The variable consideration is allocated entirely to a wholly unsatisfied performance obligation or to a wholly unsatisfied promise to transfer a distinct good or service that forms part of a single performance obligation in accordance with ASC 606-10-25-14(b), for which the criteria in ASC 606-10-32-40 have been met.

Contract costs
The company has elected to apply the practical expedient and accordingly recognizes the incremental costs of obtaining contracts as an expense when incurred if the amortization period of the assets that the Company otherwise would have recognized is one year or less. These costs are included in Operating, administrative and general expenses.
Significant judgments
In making its determination of standalone selling price, the Company maximizes its use of observable inputs.  Standalone selling price, once established, is then used to allocate total consideration proportionally to the various performance obligations, if applicable, within a contract.

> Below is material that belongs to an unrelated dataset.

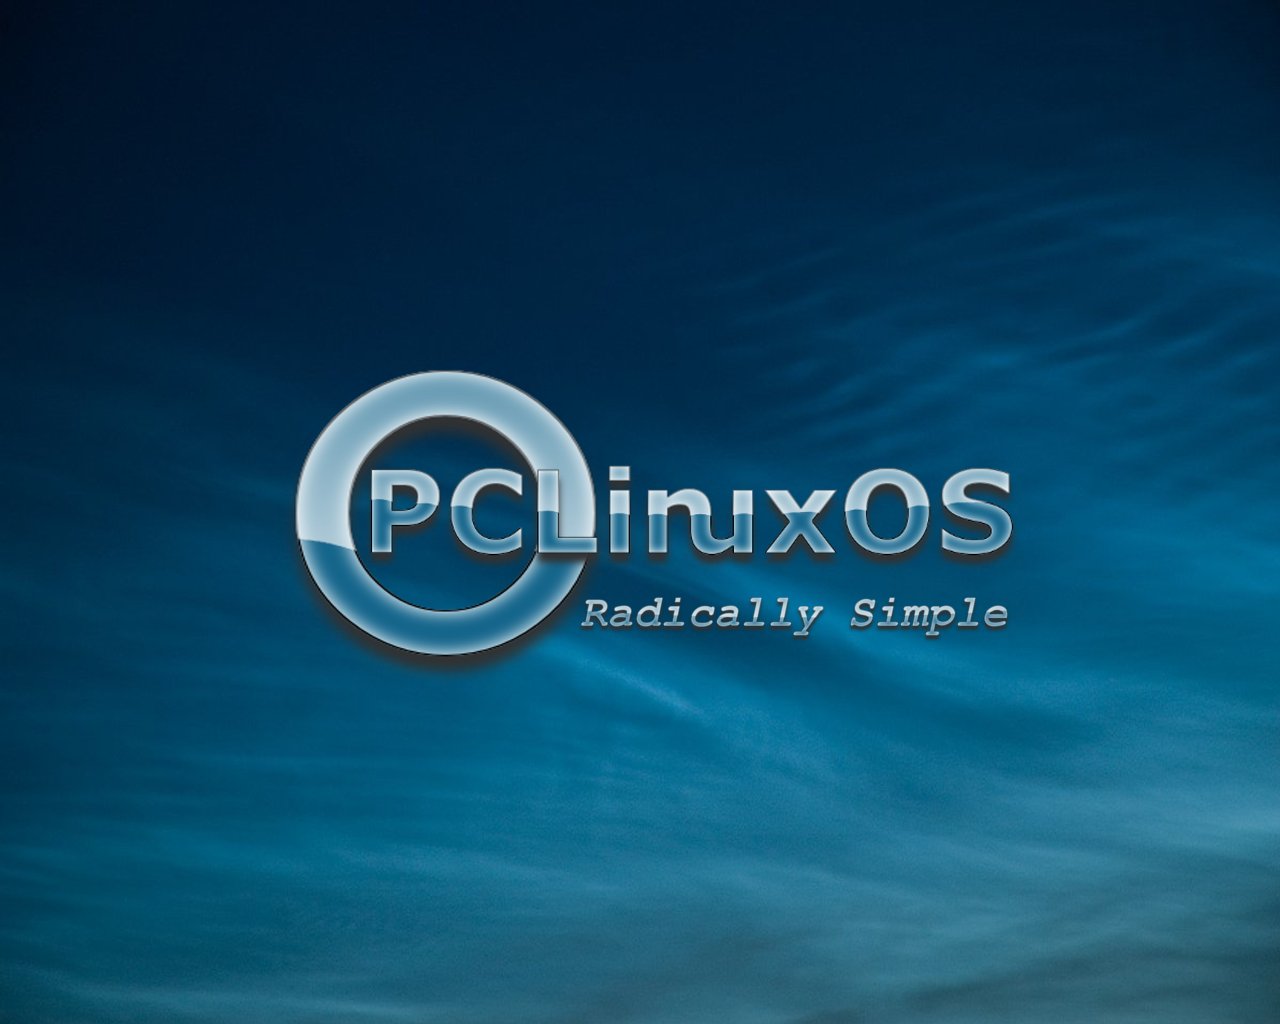 pclinuxos lxde 32 bit download

To estimate variable consideration, the Company applies both the “expected value” method and “most likely amount” method based on the form of variable consideration, according to which method would provide the best prediction.  The expected value method involves a probability-weighted determination of the expected amount, whereas the most likely amount method identifies the single most likely outcome in a range of possible amounts.  However, once a method has been applied to one form of variable consideration, it is applied consistently throughout the contract term.
The primary types of variable consideration present in the Company’s contracts are product returns, volume rebates and the CPI index.  The overall impact of this variable consideration is not material.
Practical expedients
The Company has elected to apply the following practical expedients provided by ASC 606:
Future performance obligations - see discussion above.
Contract costs - see discussion above.
Shipping and handling activities - see discussion above.
Sales tax presentation - the Company has elected to exclude from the transaction price all sales taxes that are assessed by a governmental authority that are imposed on and concurrent with a specific revenue-producing transaction and collected by the entity from a customer.
Modified retrospective approach - see discussion in Note 1. regarding adoption elections.